Microservice systems, by contrast, are generalists built from a mosaic of specialized systems. Each of these systems uses whatever programming language and hardware best serve its goal, and they all communicate using APIs. Microservice systems are ideal can process tasks an order of magnitude faster than monoliths and are the magic ingredient in streaming and other cloud services—Amazon and Netflix were early adopters.
The fact that microservices are so fast means the cloud giants are in a constant race to shave microseconds off their task resolution time. This is why Mirhosseini and his colleagues built a custom processor for Q-Zilla. Called CoreZilla, it optimizes SQD-SITA's algorithmic scheduling. In their research, Q-Zilla (running on CoreZilla) outperformed the competition, on average, at most microservice workloads they tested. The group will present its work at the IEEE International Symposium on High-Performance Computer Architecture in February.

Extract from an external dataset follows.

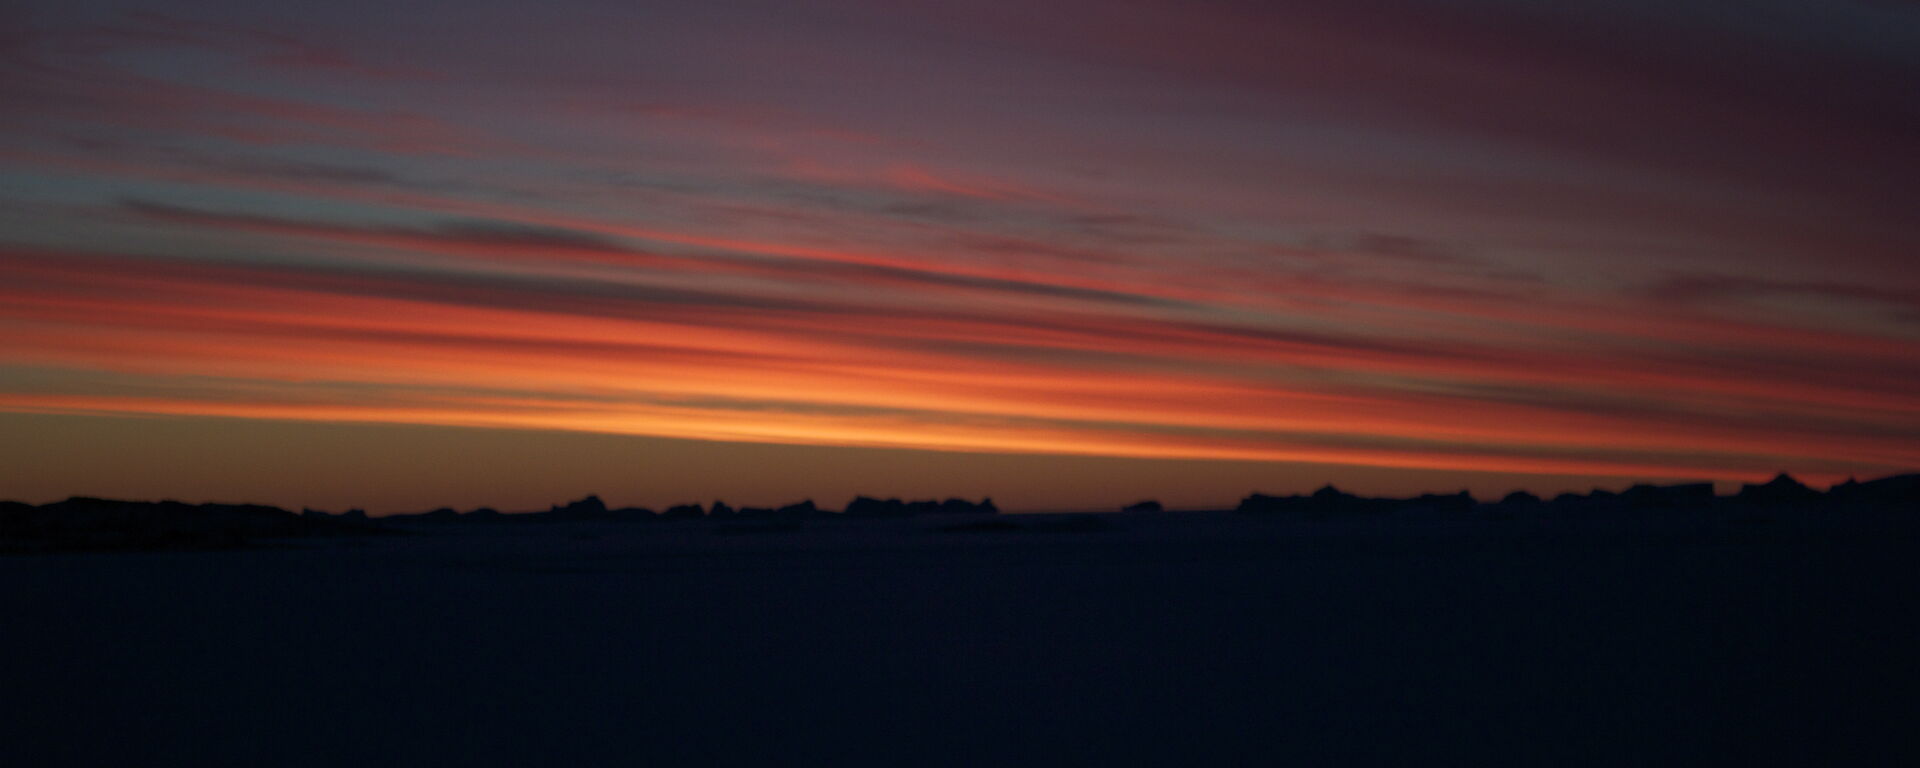 Davis sunset in April
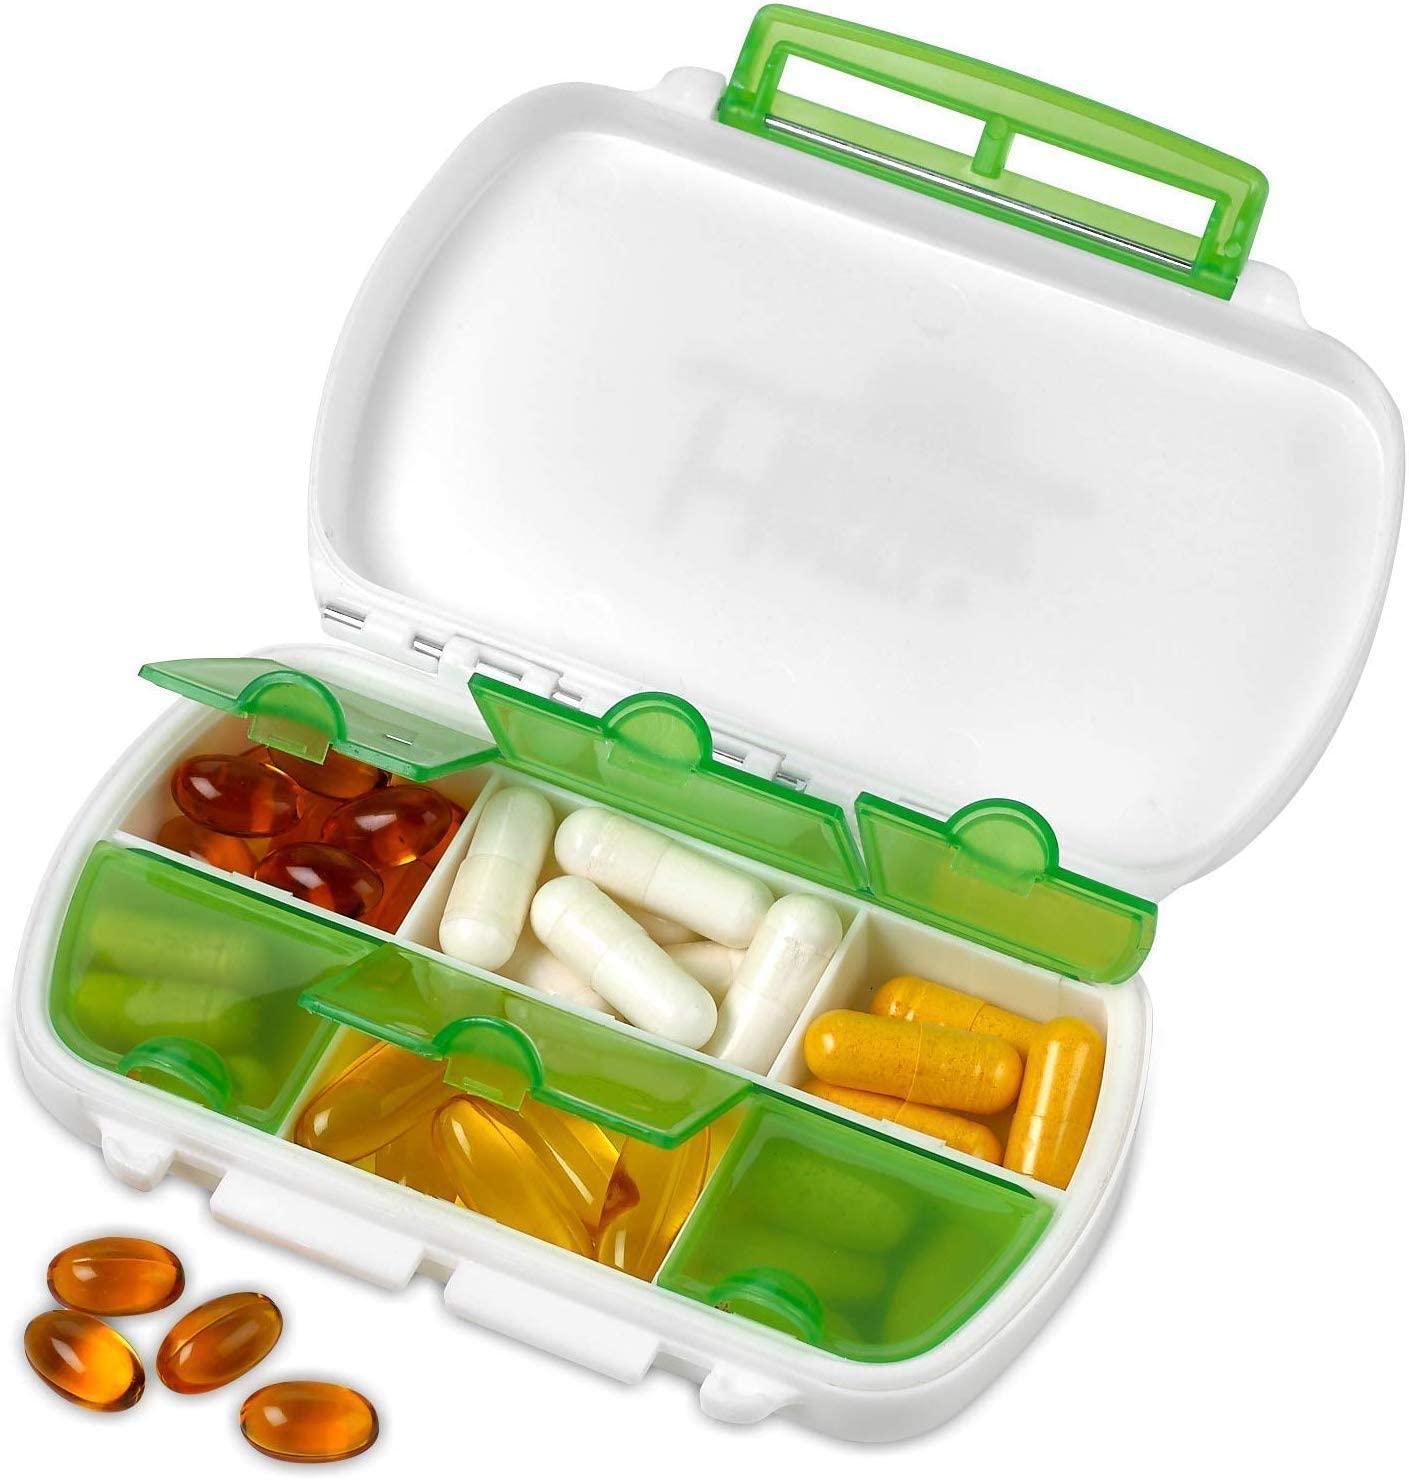 7 Day Pill Box Organizer Weekly Medicine Storage Container Vitamins Travel Case

At this point, Q-Zilla's performance jumps have only been verified through simulations. It has yet to get stress-tested out in the wild and woolly world of cloud services. "We are talking to cloud provider companies to see how it fits into their services," says Mirhosseini. He was mum on which cloud providers were interested, but one of his co-authors lists his affiliation as Amazon Web Services, so that might be a clue.
This post was updated on 3 February 2020.